--- Task inputs ---
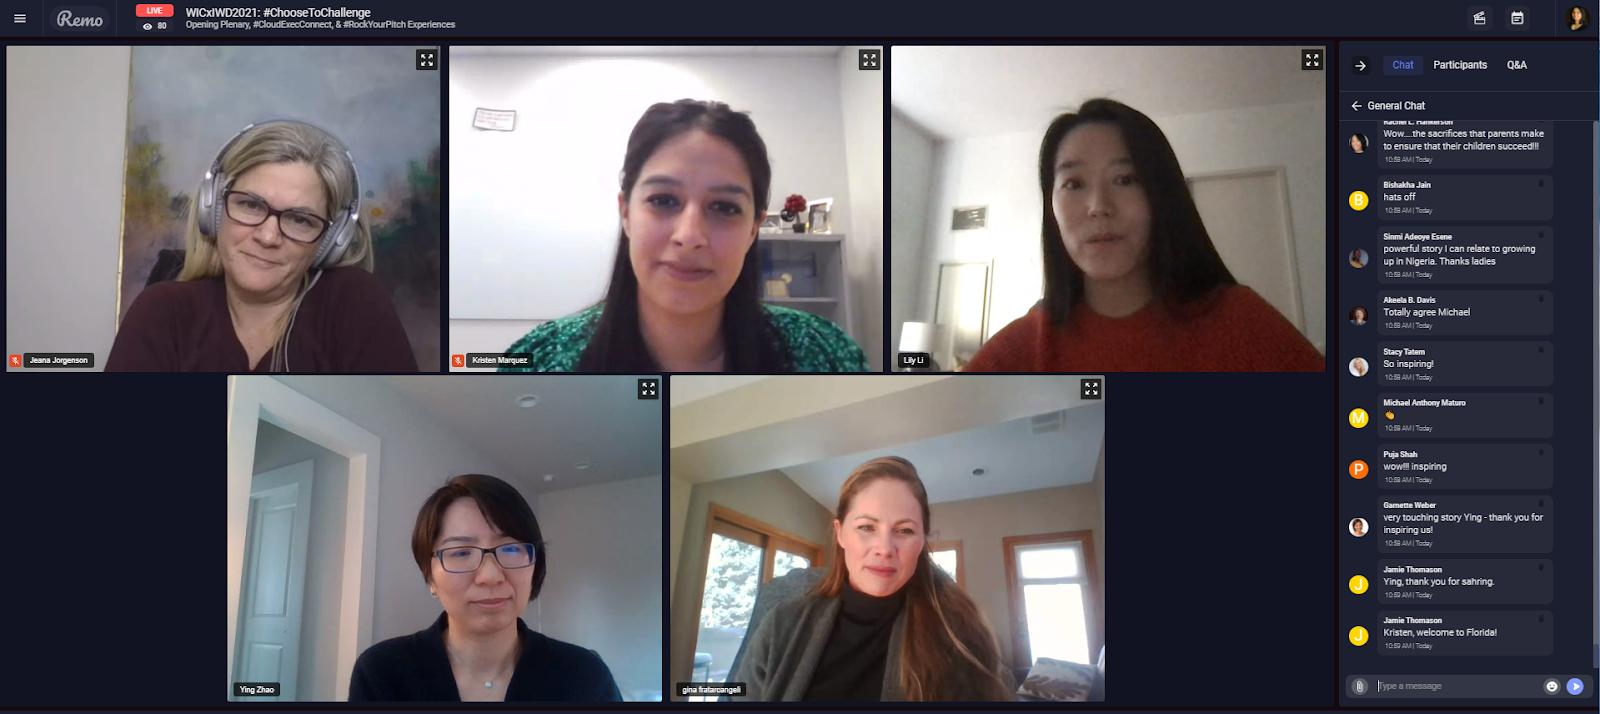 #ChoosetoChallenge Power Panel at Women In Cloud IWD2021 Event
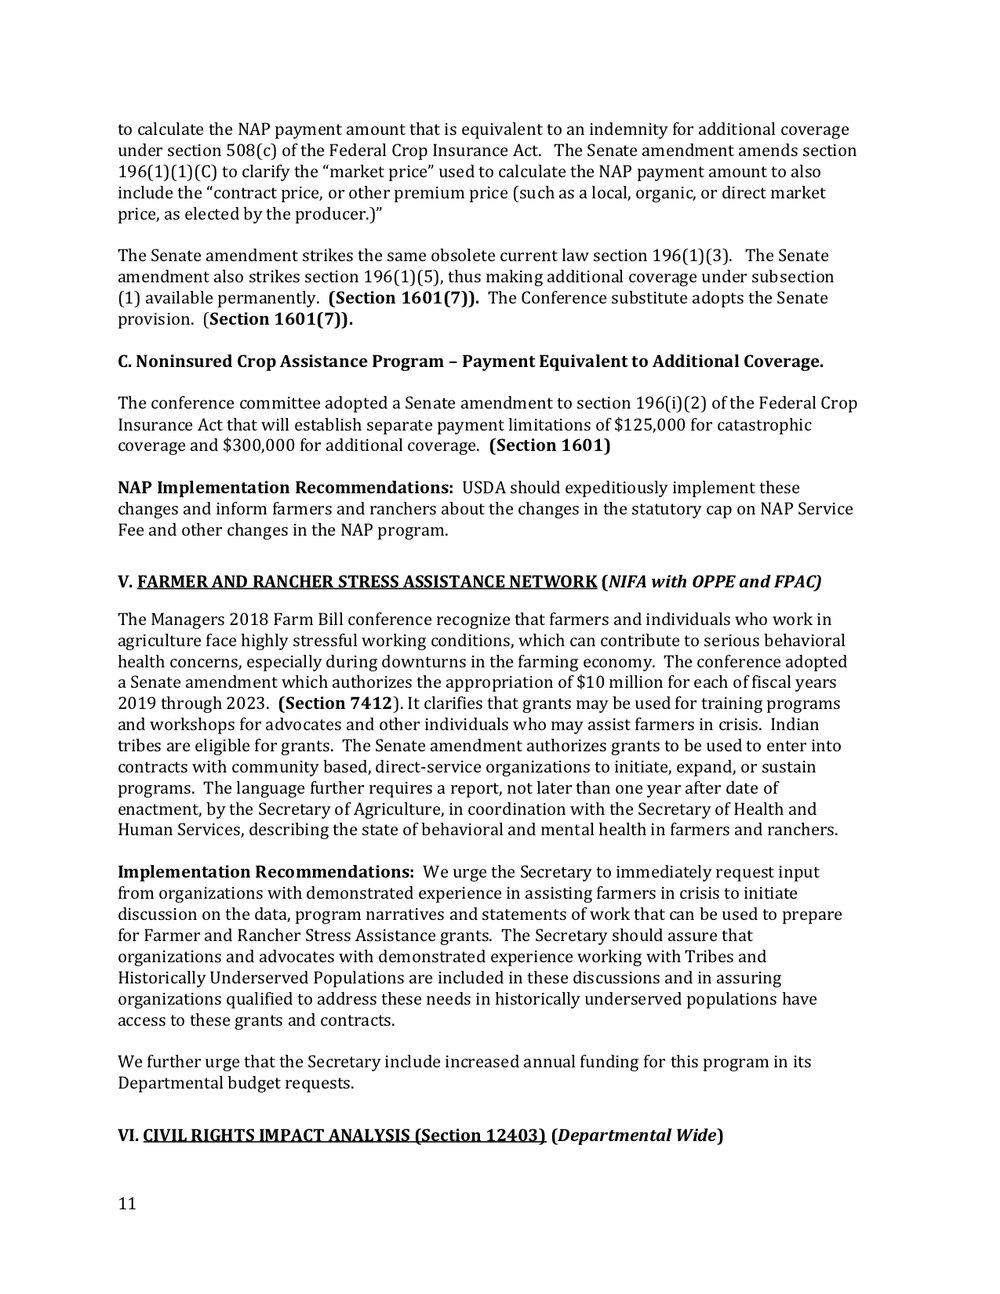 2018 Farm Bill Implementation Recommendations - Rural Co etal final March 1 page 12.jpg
---
--- Task inputs ---
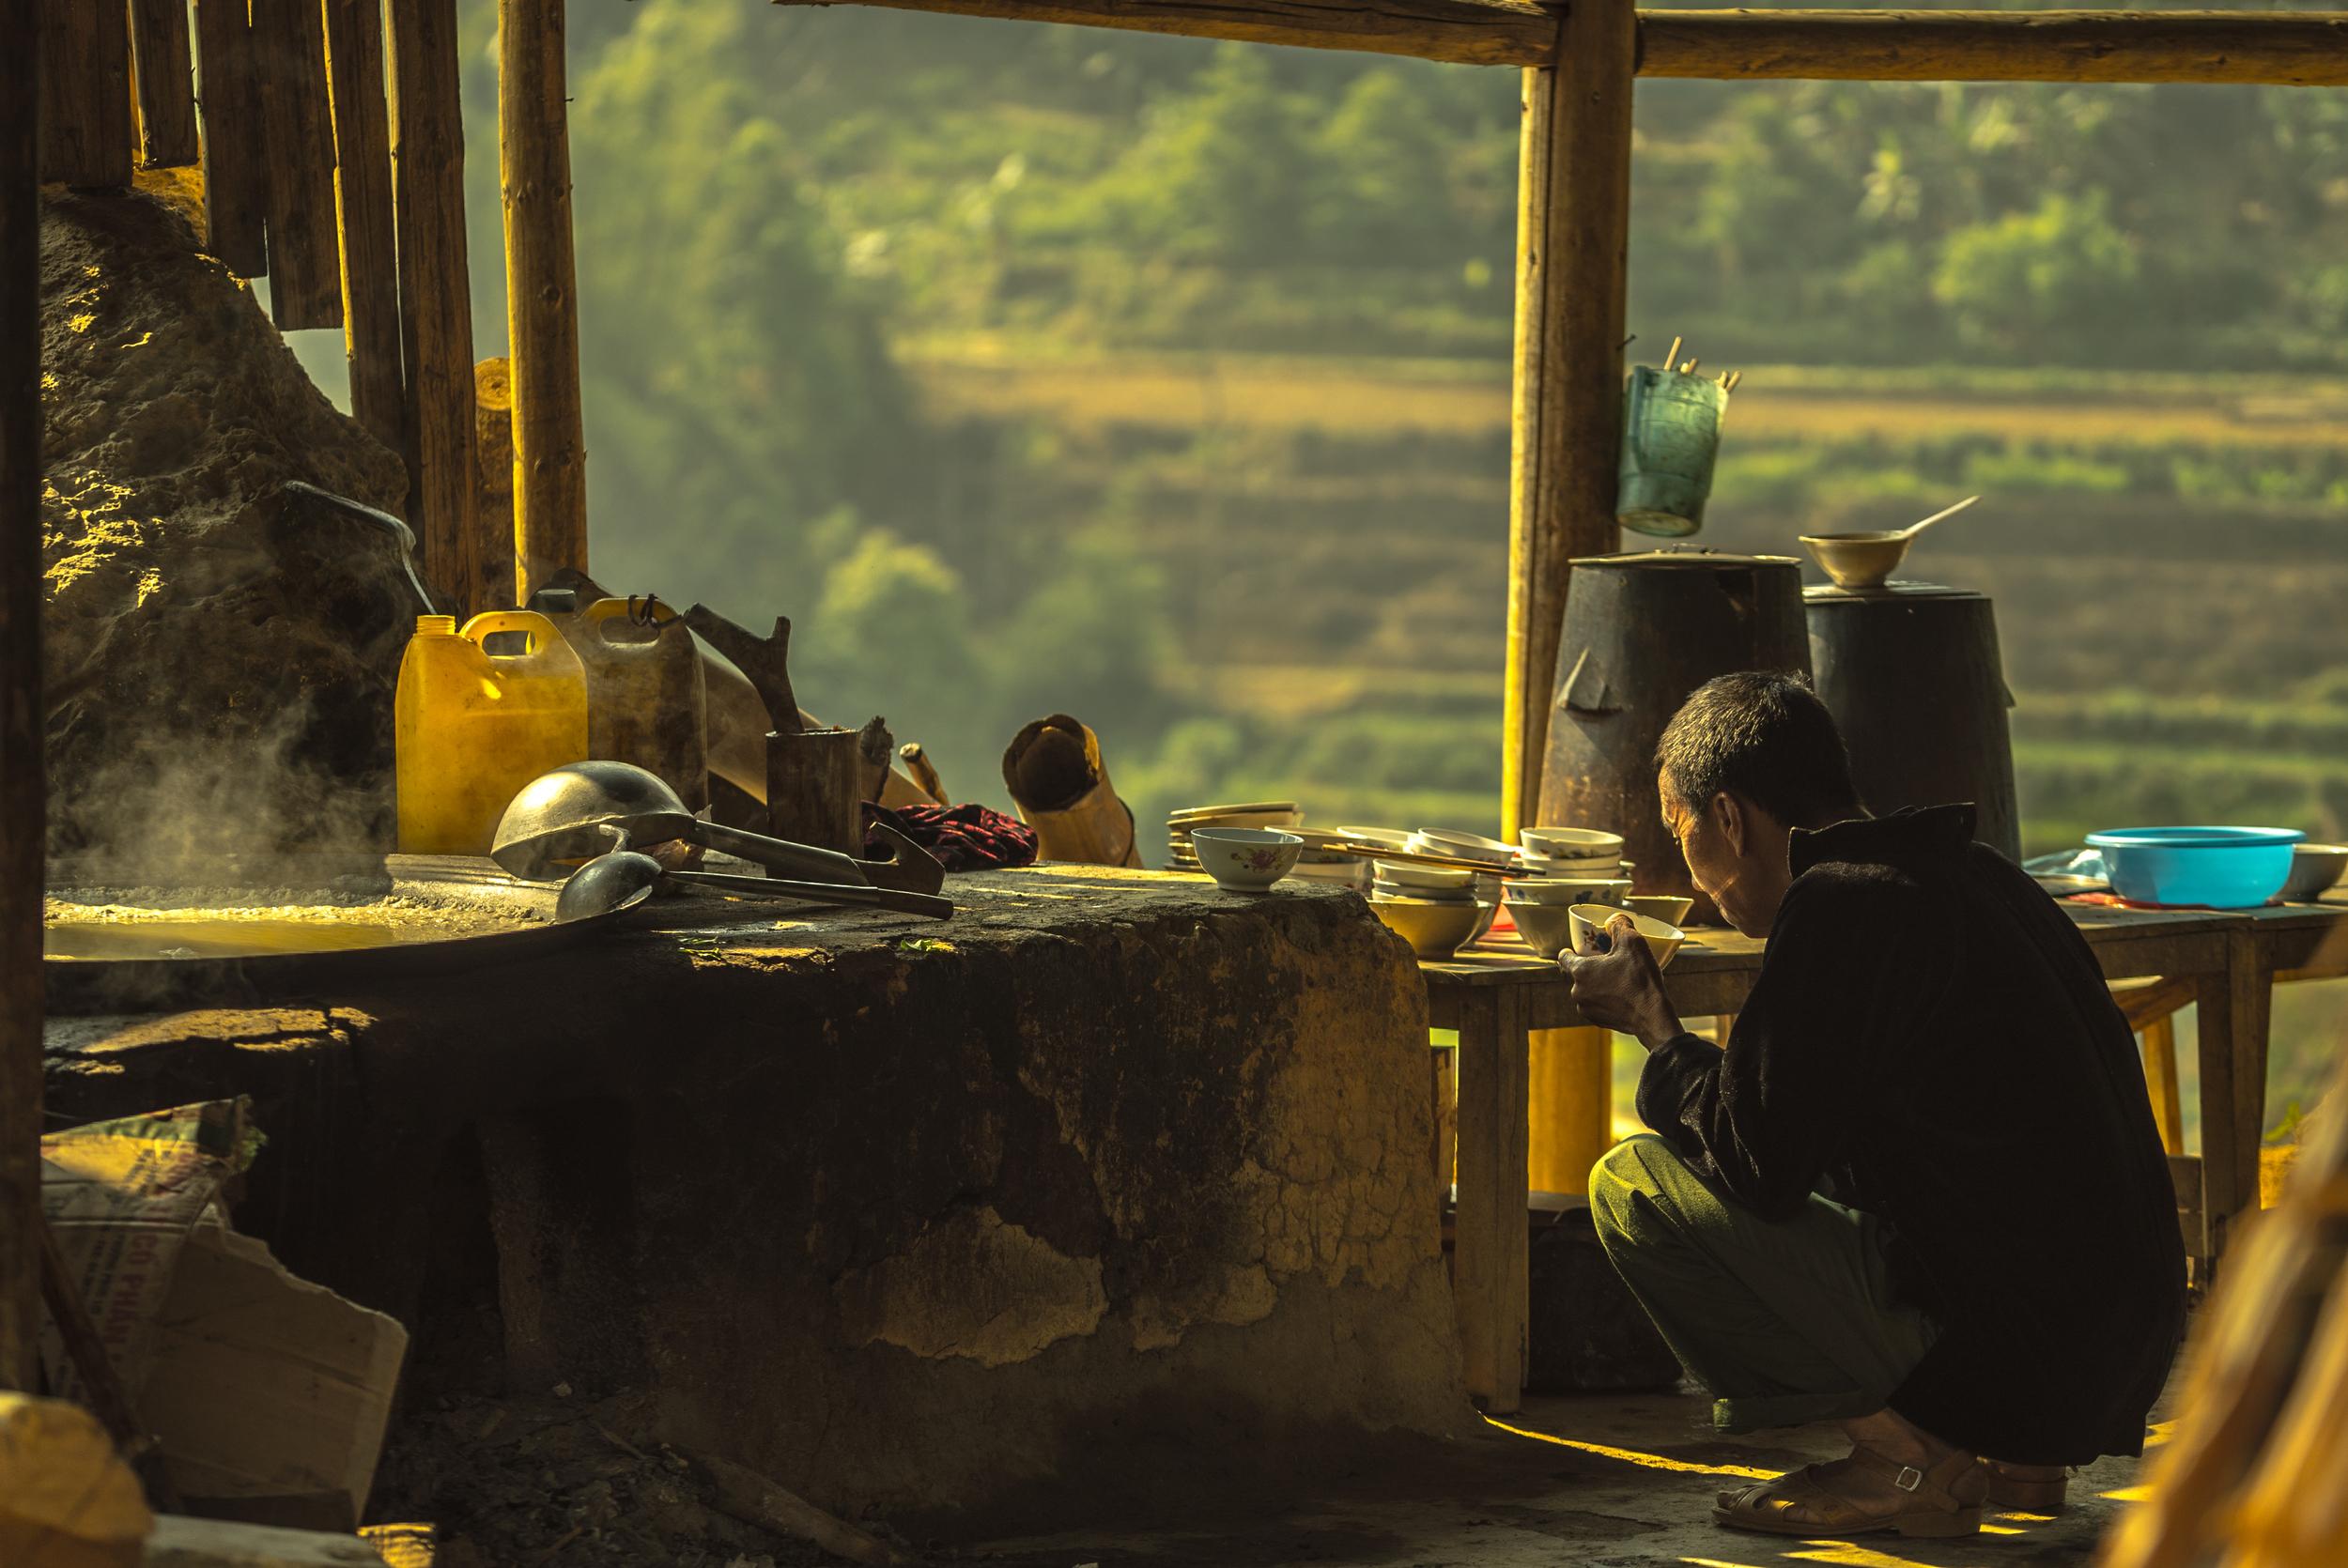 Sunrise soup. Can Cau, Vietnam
---
**What you are asked to do**
The data above holds the lines to copy: start at the one with "#ChoosetoChallenge Power Panel", stop at the one with "2018 Farm Bill", include both, copy them exactly without pictures, and copy nothing else.

**Answer section**
 #ChoosetoChallenge Power Panel at Women In Cloud IWD2021 Event
 2018 Farm Bill Implementation Recommendations - Rural Co etal final March 1 page 12.jpg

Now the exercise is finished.